The templating could be done with whisker

below is some pseudo code of how this might work.

# function to create template of R6 distribution

use_new_distribution <- function(name, # character
                             parameters, # list
                             dim, #expected dimension?
                             args, # extra arguments
                             bounds, # two parameters, e.g., c(0, Inf) 
                             in_tfp){ # logical, is it in tensorflow?

"{name} <- R6Class("
    "{name}_distribution"
    inherit = distribution_node,
    public = list(

      initialize = function(parameter, dim, args) {

        '{parameter <- as.greta_array(parameter)}'

        # add the nodes as parents and parameters
        dim <- check_dims('{parameter}', target_dim = dim)

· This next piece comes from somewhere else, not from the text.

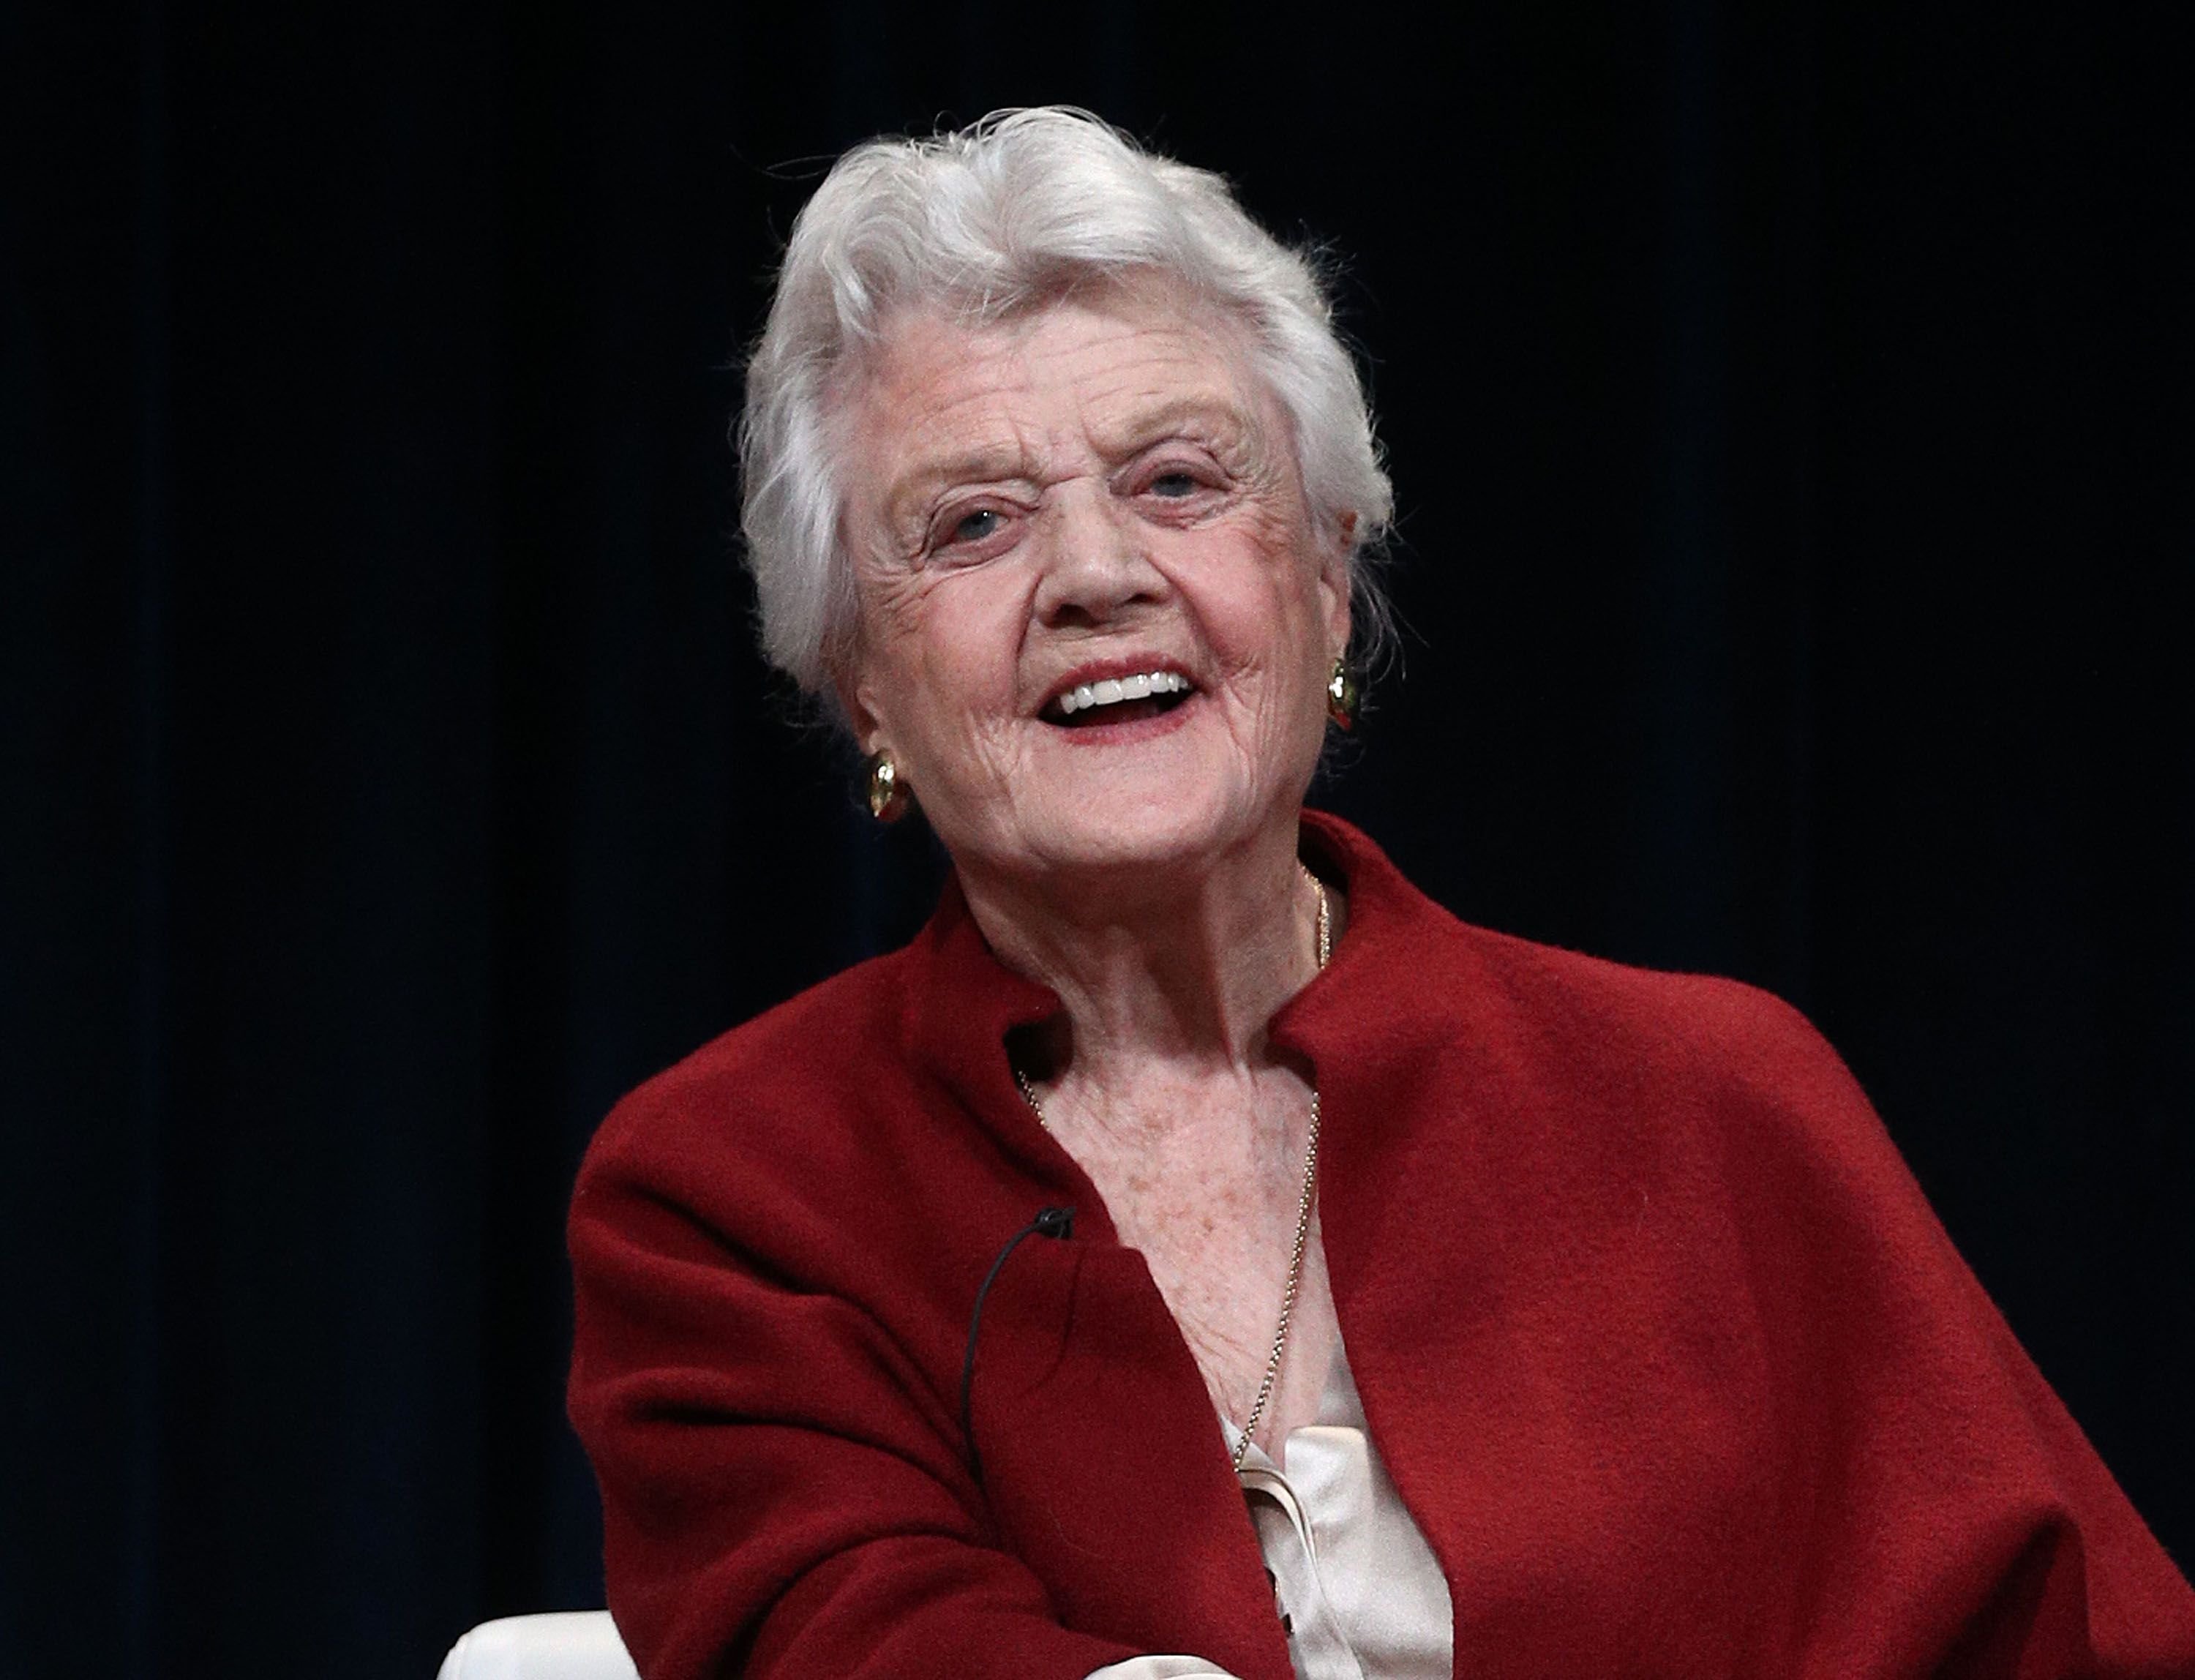 Actress Angela Lansbury speaks at the PBS segment of the 2018 Winter Television Critics Association Press Tour at The Langham Huntington, Pasadena on January 16, 2018 | Photo: Getty Images

        # put other checks here
        # see for example, 'check_positive', etc.
          # e.g., check_positive(truncation)

        # 
        self$bounds <- c(0, Inf)
        super$initialize("{name}", dim, args)
        # this happens for each one
        'self$add_parameter(parameters, "parameters")'
      },

      # this part will be tricky if there isn't a tensorflow probability
      # distribution already defined. Perhaps provide an example for both the
      # TF distribution if it exists, and also if the tfp distribution doesn't
      # exist. Perhaps also include a list data object in greta of the available
      # TFP distributions/arguments?

      if (in_tfp) {

        tf_distrib = function('{parameters}', dag) {
          tfp$distributions$'{name}'(concentration = parameters$shape,
                                     rate = parameters$rate)
        }

      }

    )
  )

}

This is an example distribution, this is the gamma_distribution function

gamma_distribution <- R6Class(
  "gamma_distribution",
  inherit = distribution_node,
  public = list(

    initialize = function(shape, rate, dim, truncation) {

      shape <- as.greta_array(shape)
      rate <- as.greta_array(rate)

      # add the nodes as parents and parameters
      dim <- check_dims(shape, rate, target_dim = dim)
      check_positive(truncation)
      self$bounds <- c(0, Inf)
      super$initialize("gamma", dim, truncation)
      self$add_parameter(shape, "shape")
      self$add_parameter(rate, "rate")
    },

    tf_distrib = function(parameters, dag) {
      tfp$distributions$Gamma(concentration = parameters$shape,
                              rate = parameters$rate)
    }

  )
)
njtierney commented 3 years ago

Here is an example of creating a new TF distribution in the F_distribution, this could be broken down in a vignette, discussing the key components that need to be provided for the user, as well as describing how in greta, there is a process for comparing distributions against a reference, which users might need to do if they are contributing to greta, or if they want their own work to be nice and stable.